It’s Paris in the late 1920s and young Hugo Cabret lives in the hidden passageways of a Paris train station whose clocks he maintains. That’s supposed to be his uncle’s job, but when Hugo was orphaned, his father’s brother saw a win-win situation: He’d give Hugo a place to stay and they’d divide the work, Hugo taking care of the clocks while he took care of the drinking. But now the uncle has disappeared, leaving Hugo to fend for himself and hide from the station inspector, who delights in capturing orphans and sending them to the orphanage.
Hugo dedicates his spare time to his only remaining link to his father, a mysterious broken clockwork humanoid automaton his father had been trying to repair when he died. Finally Hugo manages to get the device into working order, but he finds he can’t make it go without a missing heart-shaped key.

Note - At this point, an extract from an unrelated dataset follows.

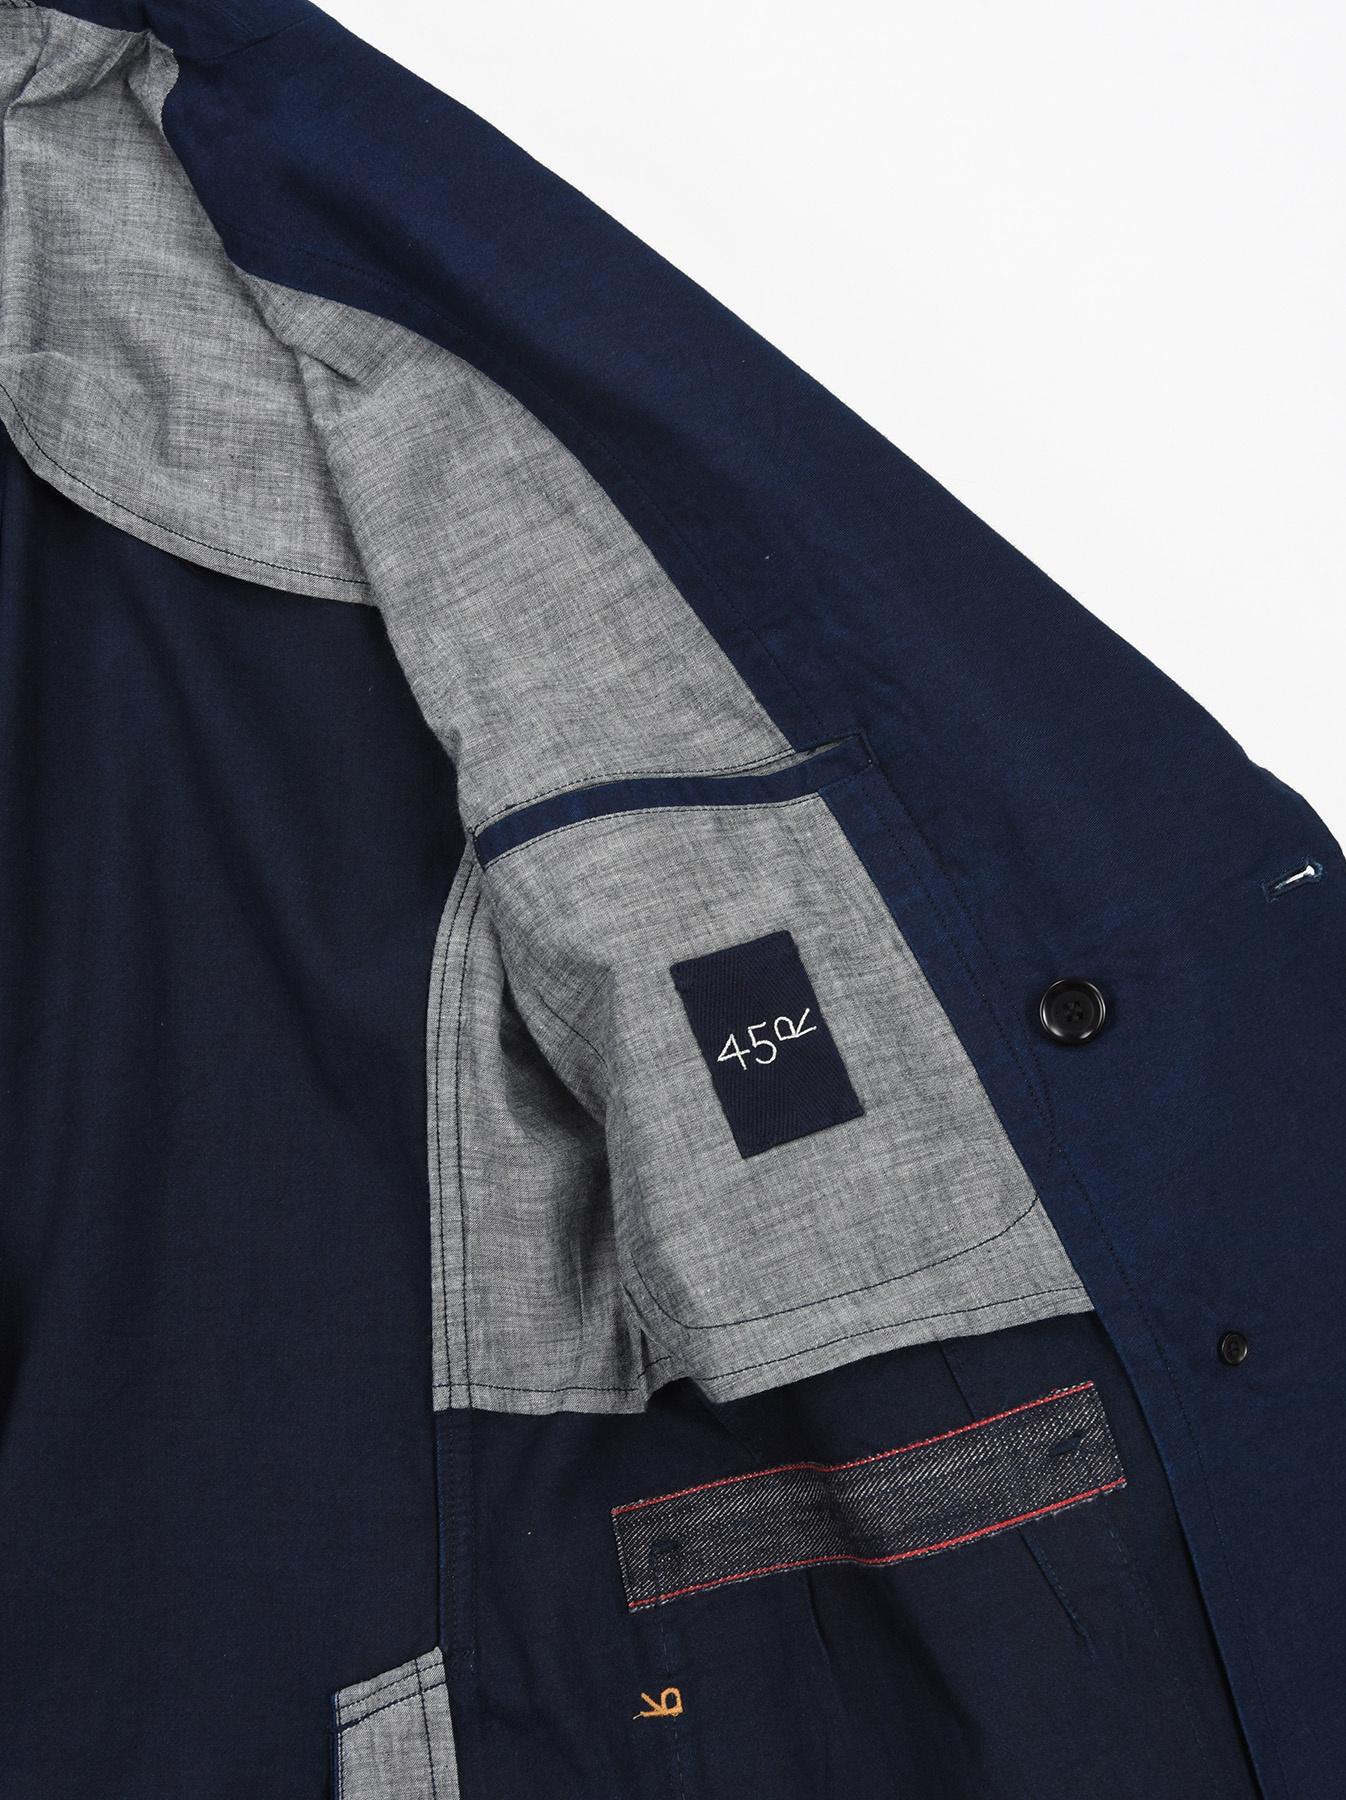 Indigo Mugi Yoko-shusi Soroe Double Breasted Jacket-10

Hugo has no friends until he meets a girl whose eccentric stepfather runs a toy shop in the station and who miraculously proves to have that missing key. When they set the automaton in motion it does something very curious that deepens the mystery.
It’s not quite as good as I had hoped (for one thing, it simply drops an important plot thread, which I found pretty disappointing), but it a fairly enjoyable film with a lot of interesting characters and surprises, including some superbly restored excerpts from films by the brilliant pioneer moviemaker Georges Méliès.